Task statement: Go to the line with "Product Image 2" in the material below and copy from there through the line with "Blackwing X Lucid pencils", exactly. Pictures are not copied.

Given information:
_____

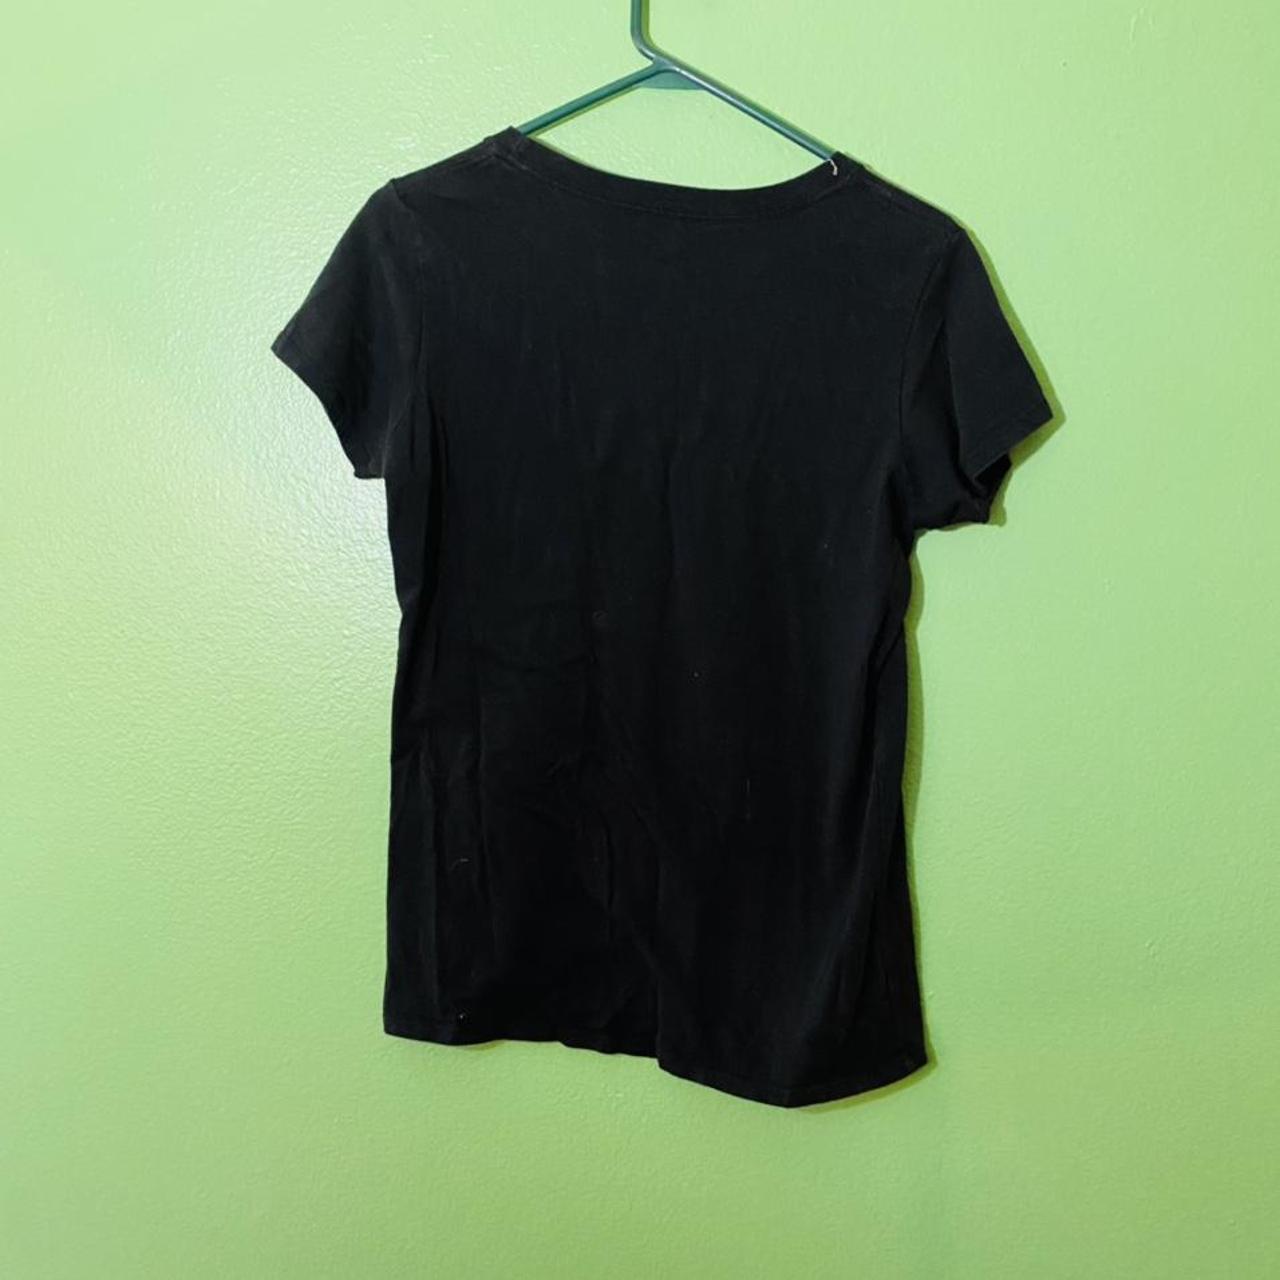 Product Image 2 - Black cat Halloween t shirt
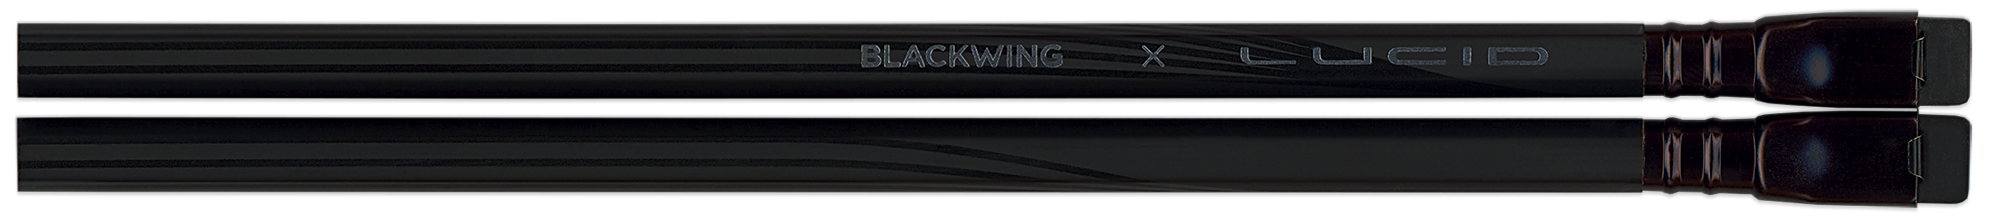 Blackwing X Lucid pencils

_____

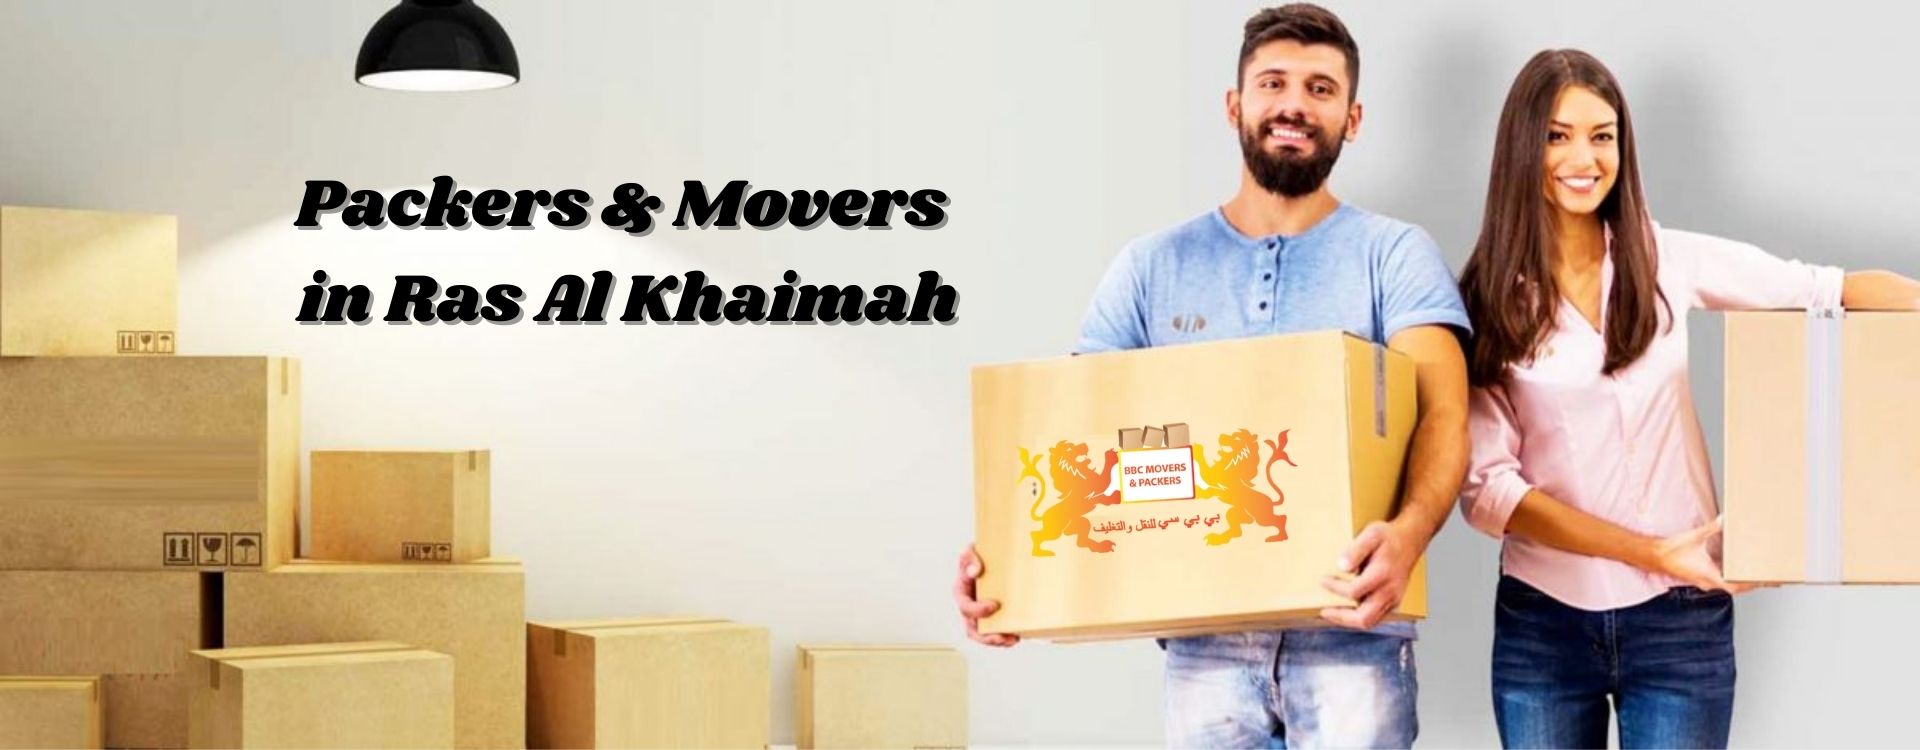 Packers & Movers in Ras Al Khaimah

_____

Written answer:
 Product Image 2 - Black cat Halloween t shirt
 Blackwing X Lucid pencils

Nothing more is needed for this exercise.